Start of Block

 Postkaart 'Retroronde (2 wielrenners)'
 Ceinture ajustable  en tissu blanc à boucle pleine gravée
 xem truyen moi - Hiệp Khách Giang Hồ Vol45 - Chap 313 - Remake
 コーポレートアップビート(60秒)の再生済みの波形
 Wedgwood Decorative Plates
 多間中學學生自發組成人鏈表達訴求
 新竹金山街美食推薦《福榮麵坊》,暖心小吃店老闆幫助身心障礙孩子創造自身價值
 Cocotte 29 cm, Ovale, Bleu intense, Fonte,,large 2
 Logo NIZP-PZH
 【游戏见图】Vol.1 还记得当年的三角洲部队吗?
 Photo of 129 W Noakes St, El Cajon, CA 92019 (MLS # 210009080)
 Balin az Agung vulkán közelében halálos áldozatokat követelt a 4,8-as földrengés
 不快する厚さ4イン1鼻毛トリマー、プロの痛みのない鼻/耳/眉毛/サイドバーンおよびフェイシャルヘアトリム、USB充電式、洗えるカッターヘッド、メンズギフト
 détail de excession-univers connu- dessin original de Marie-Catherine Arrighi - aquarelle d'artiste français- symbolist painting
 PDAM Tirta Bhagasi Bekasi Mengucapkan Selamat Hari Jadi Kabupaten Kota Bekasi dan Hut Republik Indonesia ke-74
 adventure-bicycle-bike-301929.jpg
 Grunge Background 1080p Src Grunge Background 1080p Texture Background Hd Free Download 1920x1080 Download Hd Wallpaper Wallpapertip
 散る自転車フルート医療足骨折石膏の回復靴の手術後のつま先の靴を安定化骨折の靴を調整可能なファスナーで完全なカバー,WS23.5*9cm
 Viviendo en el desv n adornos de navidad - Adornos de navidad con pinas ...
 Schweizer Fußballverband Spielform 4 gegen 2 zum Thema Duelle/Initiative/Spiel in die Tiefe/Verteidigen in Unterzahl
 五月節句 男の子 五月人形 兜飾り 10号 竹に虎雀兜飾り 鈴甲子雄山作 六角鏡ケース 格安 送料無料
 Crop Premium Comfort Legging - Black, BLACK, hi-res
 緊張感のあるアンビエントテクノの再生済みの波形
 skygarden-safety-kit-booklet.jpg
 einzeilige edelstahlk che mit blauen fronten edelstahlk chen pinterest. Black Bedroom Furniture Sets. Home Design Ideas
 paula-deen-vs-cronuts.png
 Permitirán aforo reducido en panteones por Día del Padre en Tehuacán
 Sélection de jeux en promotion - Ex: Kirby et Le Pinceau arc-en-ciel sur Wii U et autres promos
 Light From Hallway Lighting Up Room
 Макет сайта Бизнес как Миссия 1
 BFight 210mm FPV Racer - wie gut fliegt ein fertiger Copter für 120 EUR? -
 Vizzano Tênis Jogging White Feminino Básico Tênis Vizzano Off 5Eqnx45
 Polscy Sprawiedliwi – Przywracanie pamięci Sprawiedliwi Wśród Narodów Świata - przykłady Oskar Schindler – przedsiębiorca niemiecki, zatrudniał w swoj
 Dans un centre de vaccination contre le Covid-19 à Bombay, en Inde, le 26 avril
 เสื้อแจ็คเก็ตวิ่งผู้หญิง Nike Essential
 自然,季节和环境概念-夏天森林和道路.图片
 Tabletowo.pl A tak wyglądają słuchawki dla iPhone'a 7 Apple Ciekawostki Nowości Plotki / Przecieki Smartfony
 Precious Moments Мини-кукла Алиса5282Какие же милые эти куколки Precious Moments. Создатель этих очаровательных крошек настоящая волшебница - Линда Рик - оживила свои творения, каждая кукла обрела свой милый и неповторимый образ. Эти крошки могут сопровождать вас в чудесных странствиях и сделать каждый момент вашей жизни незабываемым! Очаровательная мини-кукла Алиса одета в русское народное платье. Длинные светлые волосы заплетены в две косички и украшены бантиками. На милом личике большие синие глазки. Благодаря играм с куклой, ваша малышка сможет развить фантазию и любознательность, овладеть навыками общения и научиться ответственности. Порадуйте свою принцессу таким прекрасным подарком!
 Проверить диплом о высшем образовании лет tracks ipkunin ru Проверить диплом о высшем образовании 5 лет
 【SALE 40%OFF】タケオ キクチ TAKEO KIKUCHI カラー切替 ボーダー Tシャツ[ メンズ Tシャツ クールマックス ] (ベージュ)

End of Block

- **The task**
What you return must be the lines above that run from the line with "Schweizer Fußballverband Spielform" to the line with "Dans un centre", inclusive, each copied exactly.

- **The answer**
 Schweizer Fußballverband Spielform 4 gegen 2 zum Thema Duelle/Initiative/Spiel in die Tiefe/Verteidigen in Unterzahl
 五月節句 男の子 五月人形 兜飾り 10号 竹に虎雀兜飾り 鈴甲子雄山作 六角鏡ケース 格安 送料無料
 Crop Premium Comfort Legging - Black, BLACK, hi-res
 緊張感のあるアンビエントテクノの再生済みの波形
 skygarden-safety-kit-booklet.jpg
 einzeilige edelstahlk che mit blauen fronten edelstahlk chen pinterest. Black Bedroom Furniture Sets. Home Design Ideas
 paula-deen-vs-cronuts.png
 Permitirán aforo reducido en panteones por Día del Padre en Tehuacán
 Sélection de jeux en promotion - Ex: Kirby et Le Pinceau arc-en-ciel sur Wii U et autres promos
 Light From Hallway Lighting Up Room
 Макет сайта Бизнес как Миссия 1
 BFight 210mm FPV Racer - wie gut fliegt ein fertiger Copter für 120 EUR? -
 Vizzano Tênis Jogging White Feminino Básico Tênis Vizzano Off 5Eqnx45
 Polscy Sprawiedliwi – Przywracanie pamięci Sprawiedliwi Wśród Narodów Świata - przykłady Oskar Schindler – przedsiębiorca niemiecki, zatrudniał w swoj
 Dans un centre de vaccination contre le Covid-19 à Bombay, en Inde, le 26 avril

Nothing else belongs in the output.